Два плача шли по тысячекилометровым проводам друг навстречу другу и как два состава метро на открытом подземном участке с грохотом проносились один мимо другого. Я смотрел на свое темное отражение в темном стекле, и только две звездочки слез остро блестели в темноте, и в нее же срывались падучими.
Почему столько жестокости в мире? — думал я и не находил в себе ответа.
«Земную жизнь пройдя до половины, я оказался в сумрачном лесу.» — процитировал смурно дядя Глеб, выходя в лес тонких колонн конечной станции, но я удивился не этим словам, а странному ощущению одинаковости всех этих станций с ребристыми, лестничноподобными потолками, как будто в этой беготне навзничь, я уже никогда не выберусь на белый свет.
Литера пятая
В июне дядя Назар окончательно сменил в маминой жизни дядю Глеба, и мы на время переехали к нему на староарбатскую квартиру, предназначенную на снос. Но, к счастью, все разъезжались: сначала мы с дядей Назаром, которого мама теперь просила называть «папой», провожали маму в аэропорт «Домодедово», откуда она должна была лететь в свою Сибирь, то ли в Абакан, то ли Тайшет, где заболела ее мама.
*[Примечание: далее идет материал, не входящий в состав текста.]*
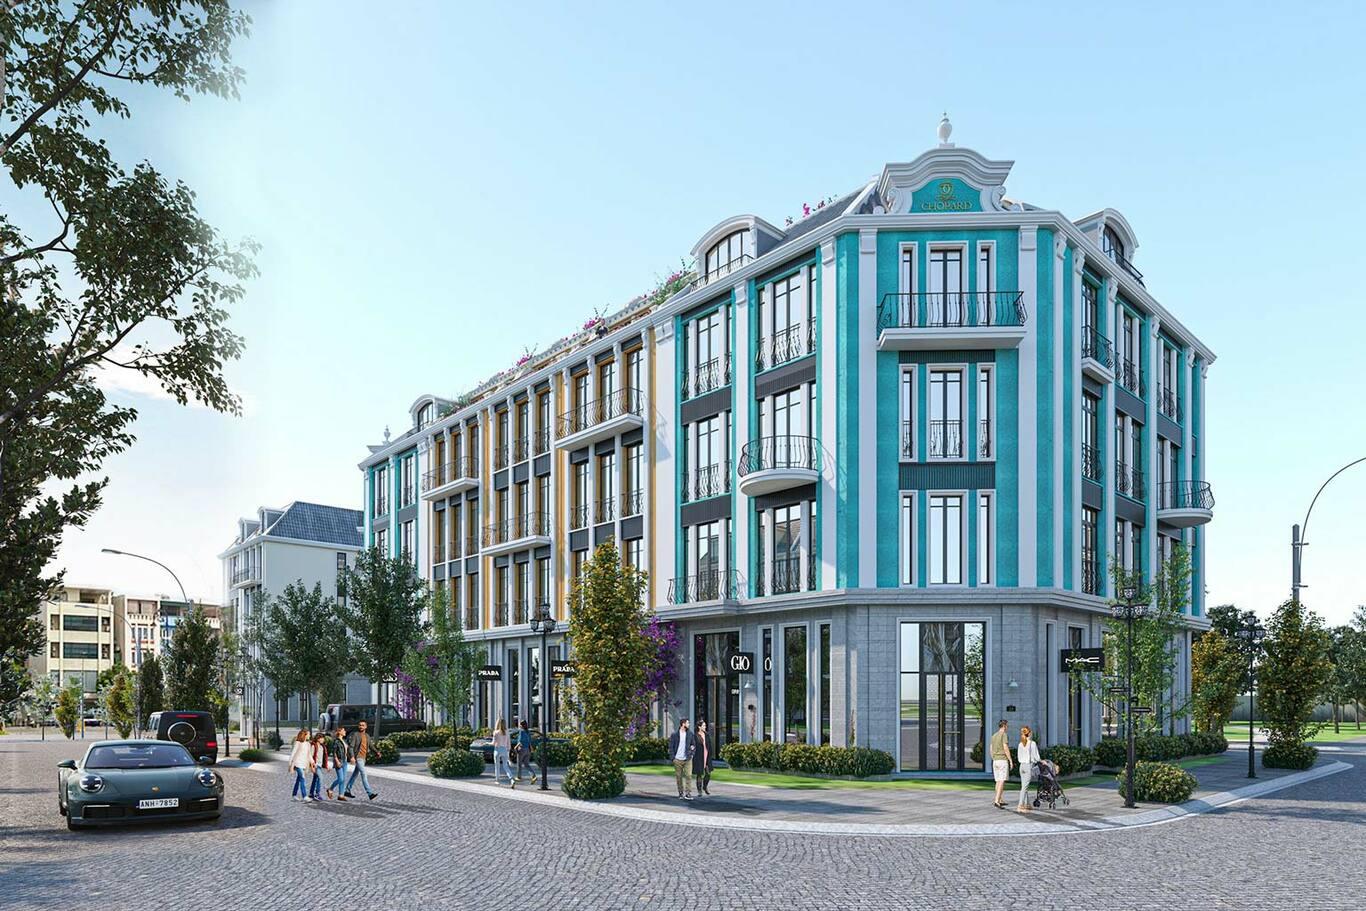 ShoptelLa Queenaracó diện tích từ 100 m2, được thiết kế cao 3 đến 4 tầng.
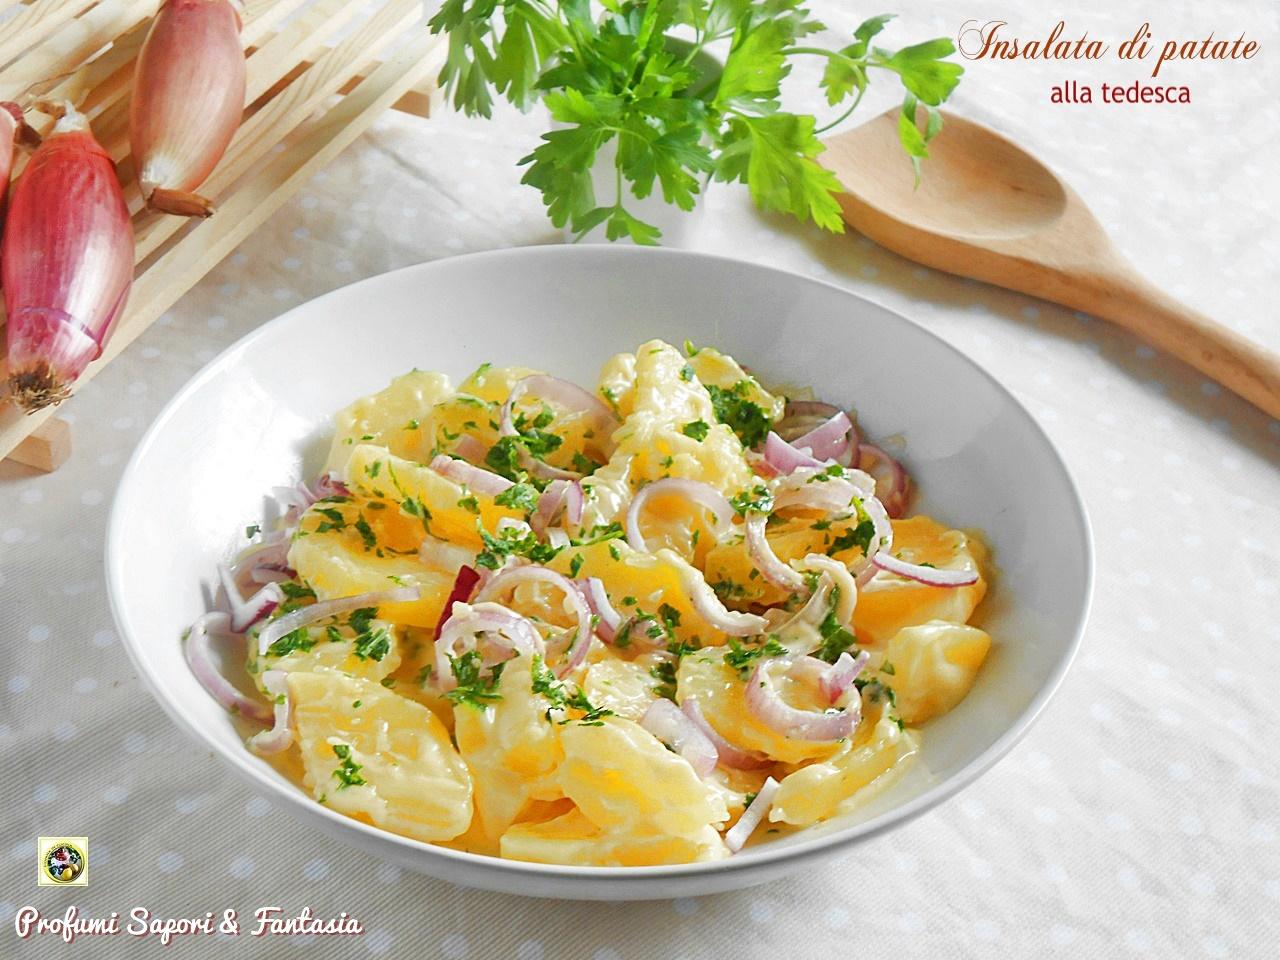 Insalata-di-patate-alla-tedesca-

Пока мы ехали на «Домодедовскую», мама успела рассказать дяде Назару всю жизнь своей матери, а я, будто бы разглядывавший книжку Эдуарда Успенского, на самом деле подслушивал их разговор.
Выходило так, что бабушка моя была не человеком, а сущим чудовищем. Причем незаметным. На поверхности она казалась заботливой матерью, которая могла позвонить в три часа ночи лишь потому, что ей приснился плохой сон о моей маме или обо мне. Но на самом деле, как говорила мама дяде Назару, не было на свете большего манипулятора, управлявшего своим мужем как марионеткой. «Это она накрутила отца против меня! — горячилась мама. — Это она рассорила меня с братом и сестрой, а их между собой! Брат мой женился уже на третьей, прежних двоих невесток выжила она, теперь брат сам съехал на Север, чтобы сохранить семью! И что ей неймется?! — спрашивала мама и сама же отвечала: — Душа у ней какая-то переверченная, какая-то безбожная. Другие со старостью становятся мягкими, покладистыми, покорными, но не эта.»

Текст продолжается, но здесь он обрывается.